As an example, take the benchmark benchmark/xml/lexer/string_average_bench.rb. Running this on the current master branch produces the following timings:

Iteration: 1: 0.677
Iteration: 2: 0.671
Iteration: 3: 0.671
Iteration: 4: 0.671
Iteration: 5: 0.674
Iteration: 6: 0.671
Iteration: 7: 0.67
Iteration: 8: 0.672
Iteration: 9: 0.675
Iteration: 10: 0.671

Iterations: 10
Average:    0.672 sec

Applying your patch and re-running the benchmark in turn results in the following:

Iteration: 1: 1.056
Iteration: 2: 1.051
Iteration: 3: 1.051
Iteration: 4: 1.054
Iteration: 5: 1.054
Iteration: 6: 1.08
Iteration: 7: 1.082
Iteration: 8: 1.079
Iteration: 9: 1.059
Iteration: 10: 1.085

Iterations: 10
Average:    1.065 sec

In other words, the change makes Oga's lexer about 1,6 times slower than before. At least memory usage is still consistent (measured using profile/xml/lexer/big_xml.rb).

Looking at all the things the htmlentities Gem is doing this isn't entirely surprising it slows things down. For example:

For the last example I sure as hell hope those instance_eval calls are only executed once as its going to make performance suck.

Considering I wanted the next release to be faster and not slower I'm not a huge fan of this PR.

As an aside, there are two other things worth mentioning.

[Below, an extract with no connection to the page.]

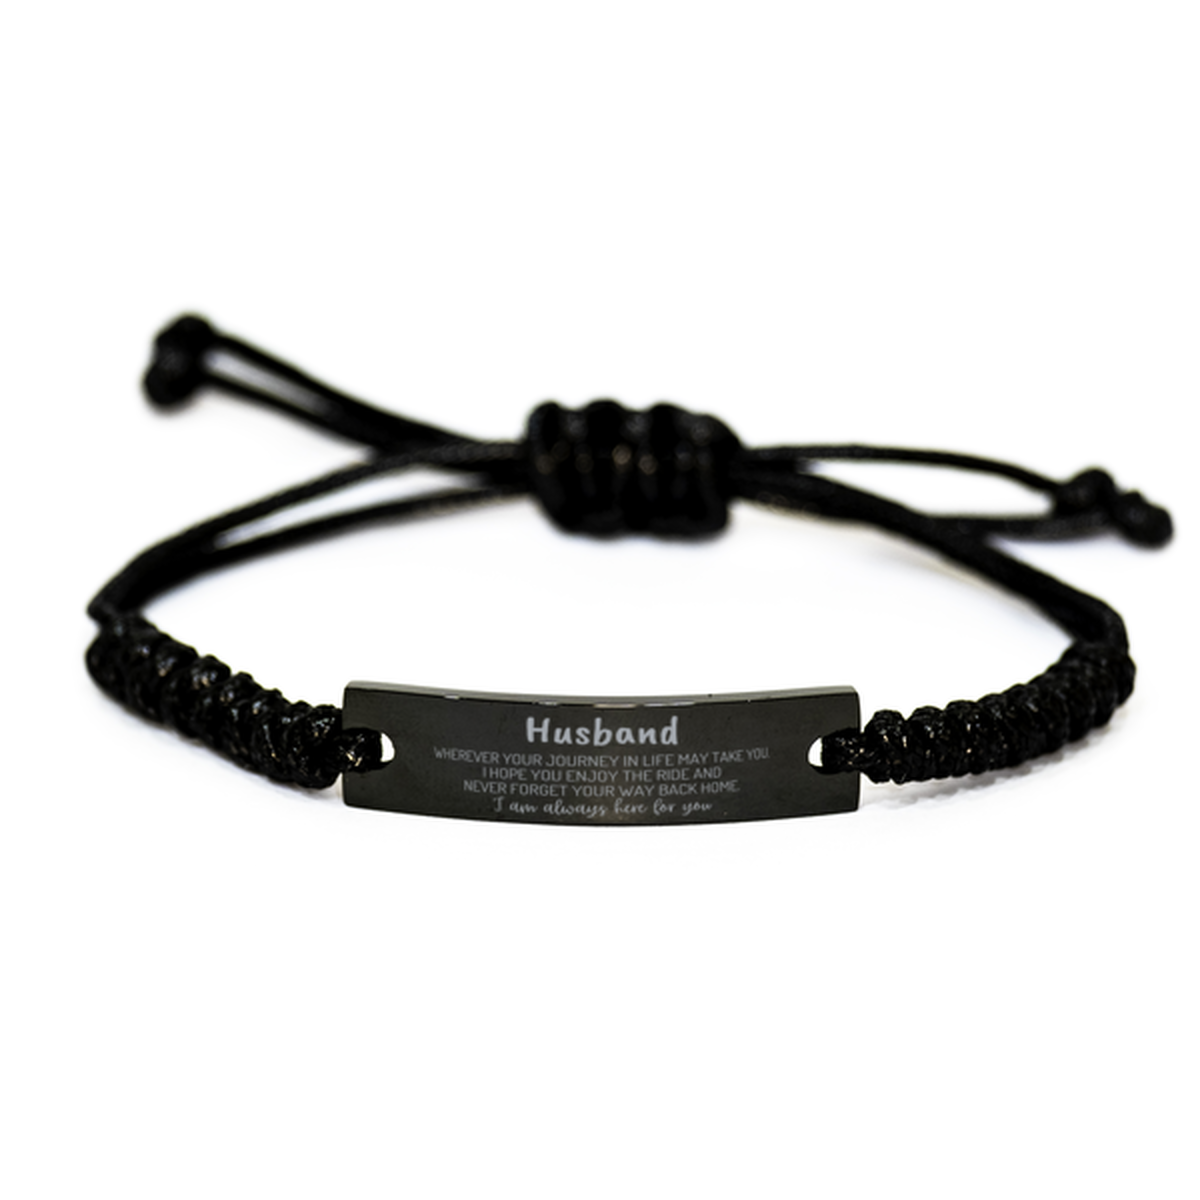 Husband wherever your journey in life may take you, I am always here for you Husband Black Rope Bracelet, Awesome Christmas Gifts For Husband, Husband Birthday Gifts for Men Women Family Loved One

First, the usage of CODER = HTMLEntities.new is not safe at all. While it looks like the HTMLEntities class is thread-safe (https://github.com/threedaymonk/htmlentities/blob/a68cc5ce9ad6ffaa06623a97d319ead4238bd1a0/lib/htmlentities.rb) there's no guarantee it will stay that way. Basically a requirement that I have with Oga, which I should add to the contributing guide, is no usage of global state/objects/whatever unless they are designed to be thread-safe (and can prove this).

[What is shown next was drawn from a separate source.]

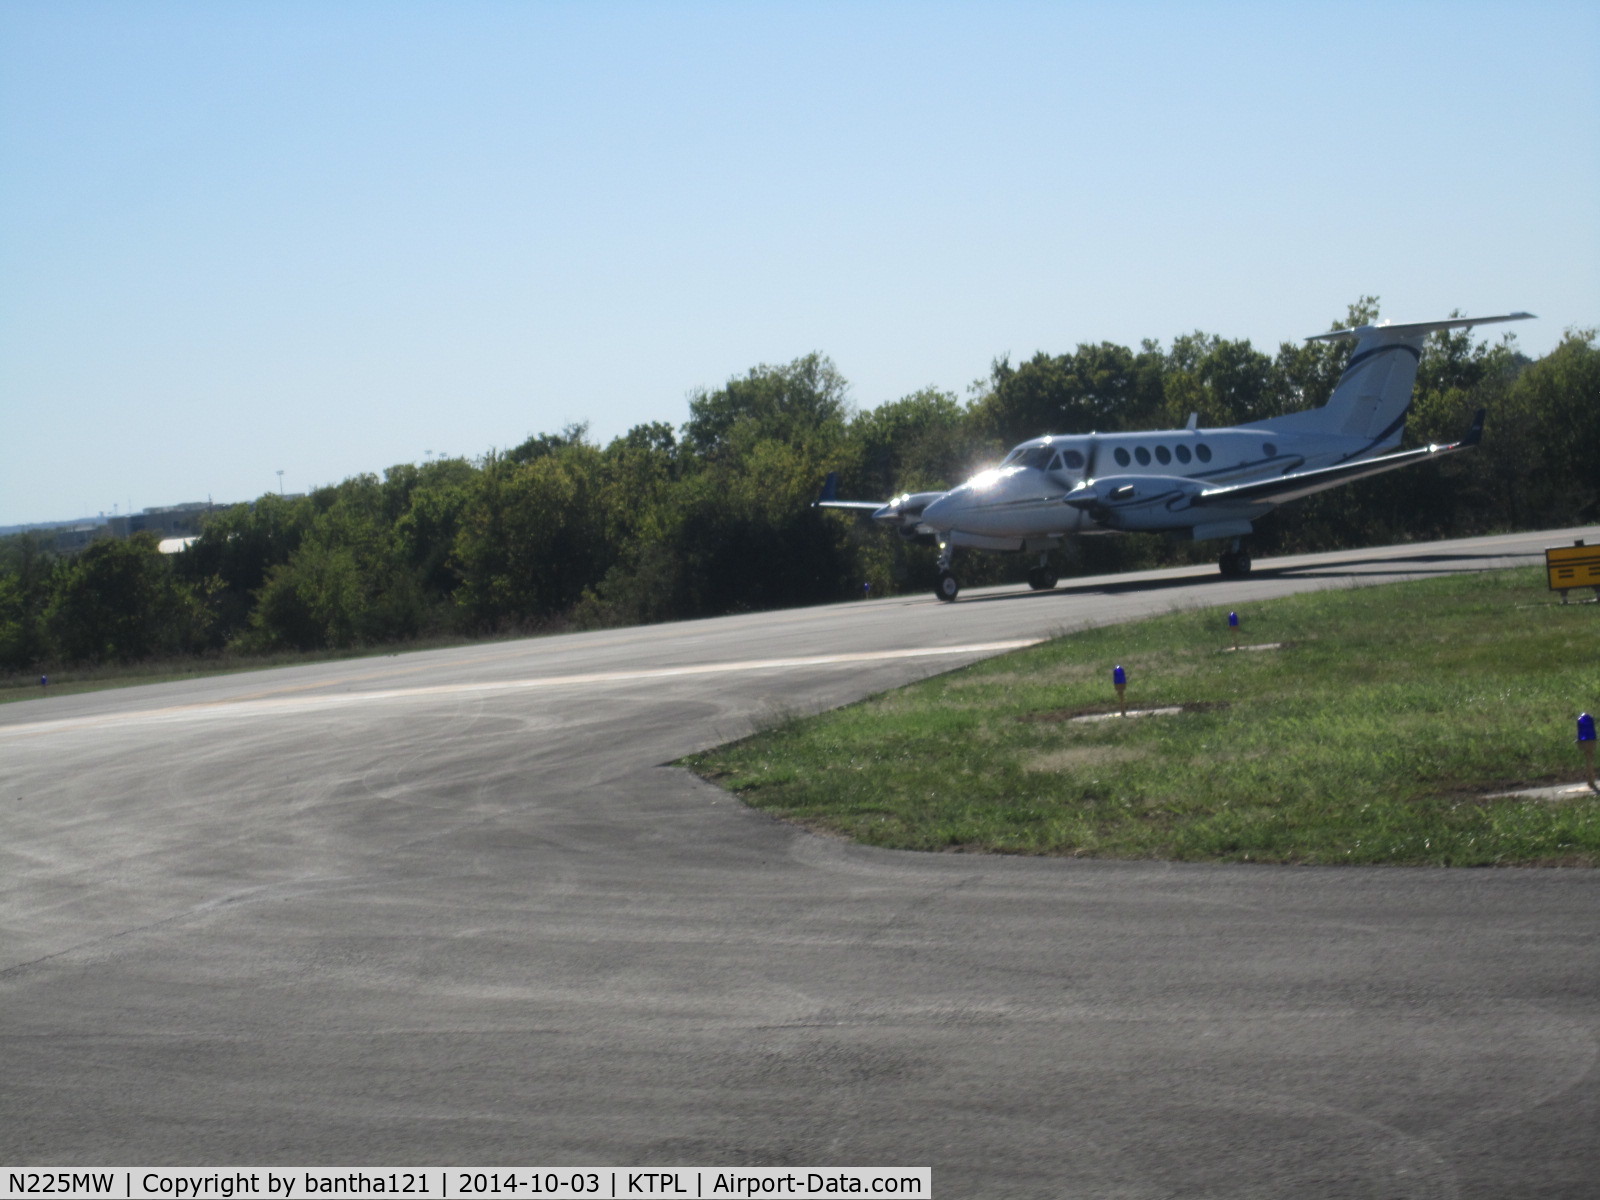 N225MW, 2013 Beechcraft B200GT King Air C/N BY-185, Taken from Cessna 172C while on takeoff roll

Second, require calls should always go in lib/oga.rb and not in other random files. This too I should add to the contributing guide.

To summarize, if there was no extra overhead attached to this library I wouldn't really have any problems with it. I don't want to slow Oga down for everybody by default, especially if the feature in question is one I myself don't really rely on.

Performance wise my goal is to get Oga running at about ~15 MB of XML per second (both lexing and parsing) with the theoretical maximum being 20MB at the moment (due to Ruby's baseline overhead). Until I've achieved that (or something close to it) I can't afford to add anything that slows Oga down. I'll keep this PR open for the time being as I might merge it given I can achieve the above.

yorickpeterse · 2014-11-20T19:03:00Z

Worth mentioning: the impact of this is huge due to HTML/XML entity decoding happening for every T_TEXT and T_STRING_BODY node the lexer produces.

yorickpeterse · 2014-11-20T19:12:09Z

I added the two notes mentioned above to the contributing guide in 81c49b5.

krasnoukhov · 2014-11-20T19:50:24Z

Hey, thank you for your time you're spending on this issue. I fully understand your concerns and appreciate that.

The reason why I'm working on this is that I want people to be able to use oga as a sax-machine handler. Actually I've already released a new version of it with oga support. There is another library, called feedjira which uses sax-machine and I believe it has users who could benefit from using oga as underlying handler.

So, while sax-machine specs are passing w/ oga, there are failing specs on feedjira repo and all of them are related to this issue. Please take a look on this Travis build for more details. Frankly speaking, current solution with html entities is not standard-compliant, so I'd consider it as a bug. Currently people can't rely on oga for correct HTML entities decoding/encoding, and this is quite bad. Sure, it works if they don't care about HTML inside the XML they parse. But are you sure that 100% of your users do that?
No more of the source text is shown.